§ WORK REQUIRED
Images don't belong in the copy. Output the rest of the data exactly.

§ DATASET EXTRACT
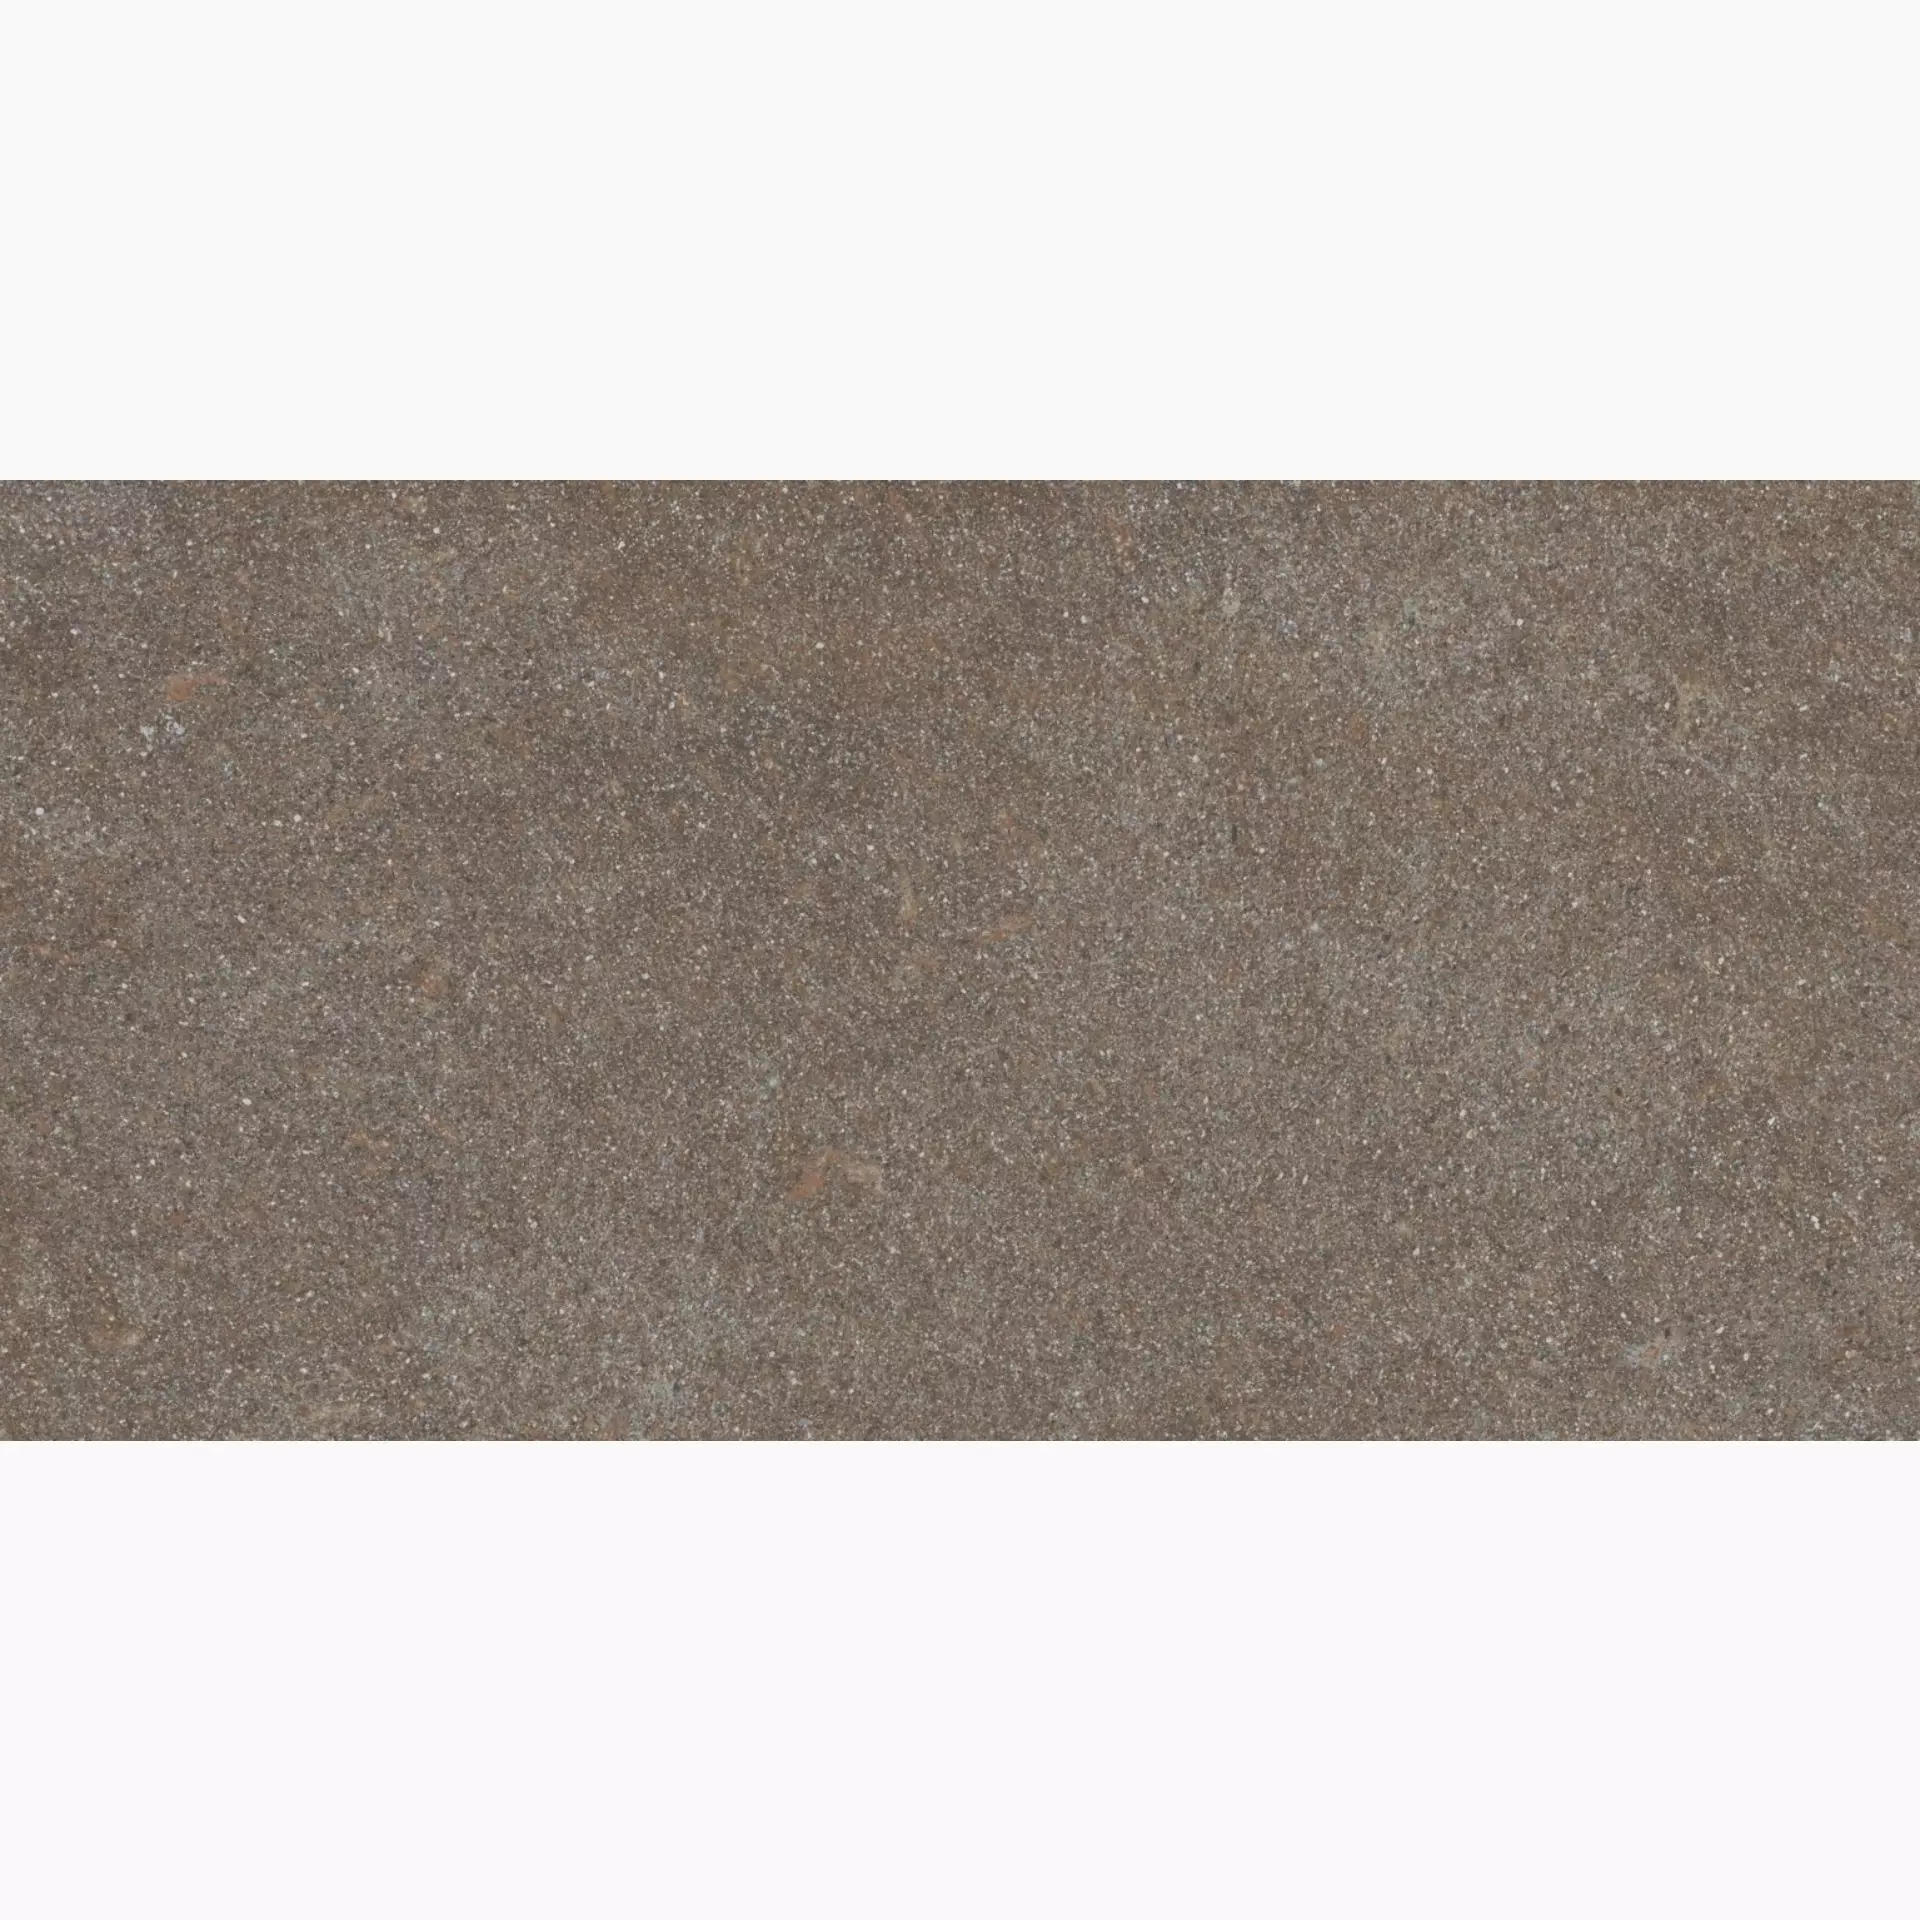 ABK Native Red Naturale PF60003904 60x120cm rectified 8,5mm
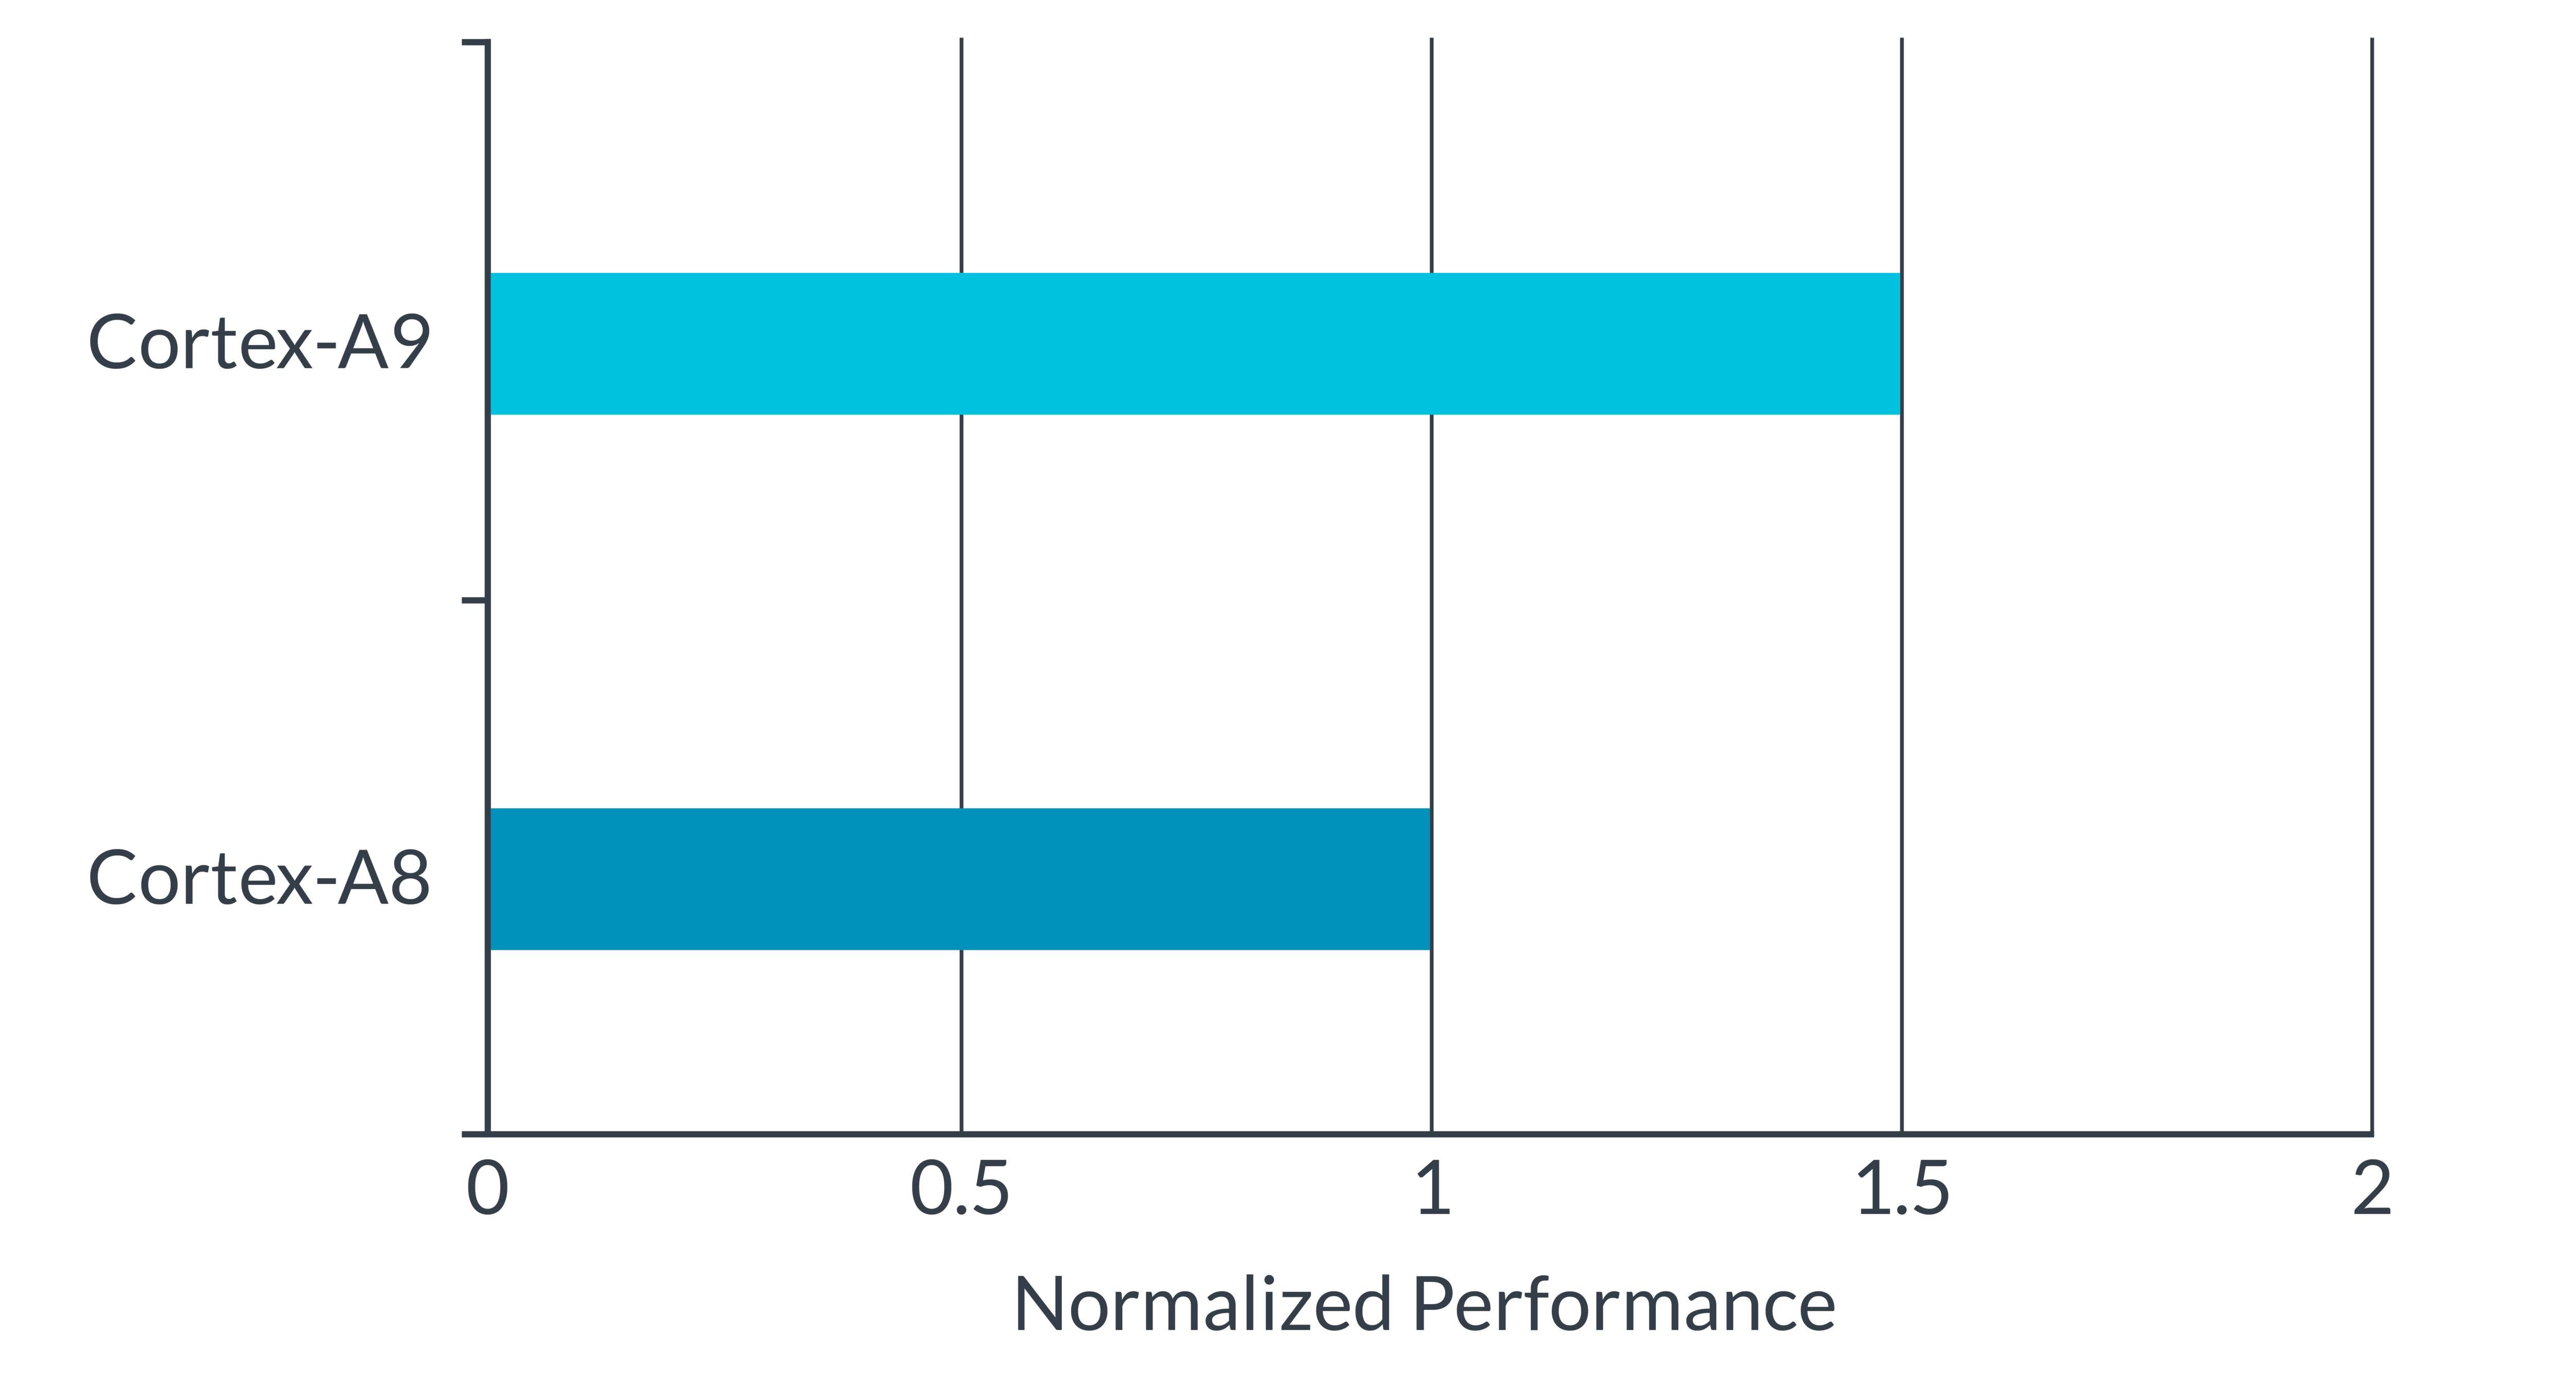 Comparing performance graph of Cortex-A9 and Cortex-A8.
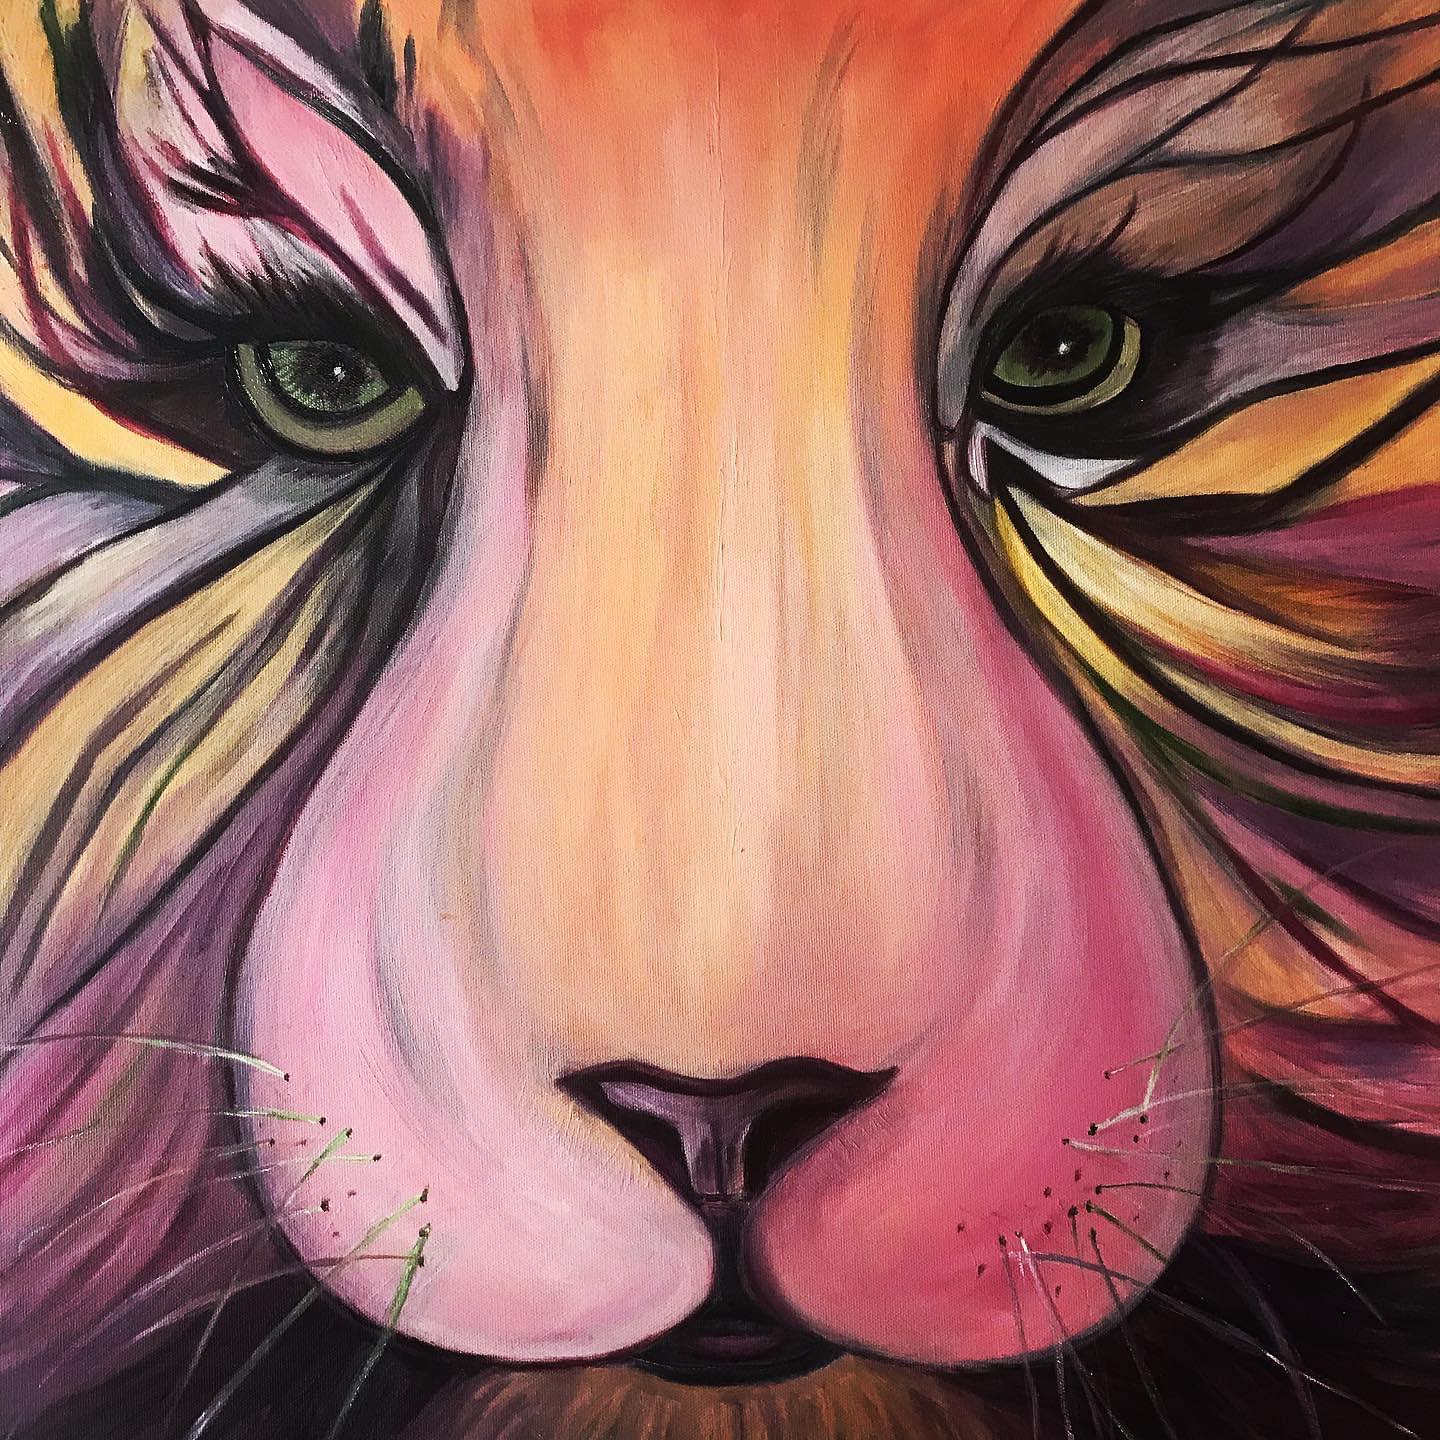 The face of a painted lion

§ RESULT
 ABK Native Red Naturale PF60003904 60x120cm rectified 8,5mm
 Comparing performance graph of Cortex-A9 and Cortex-A8.
 The face of a painted lion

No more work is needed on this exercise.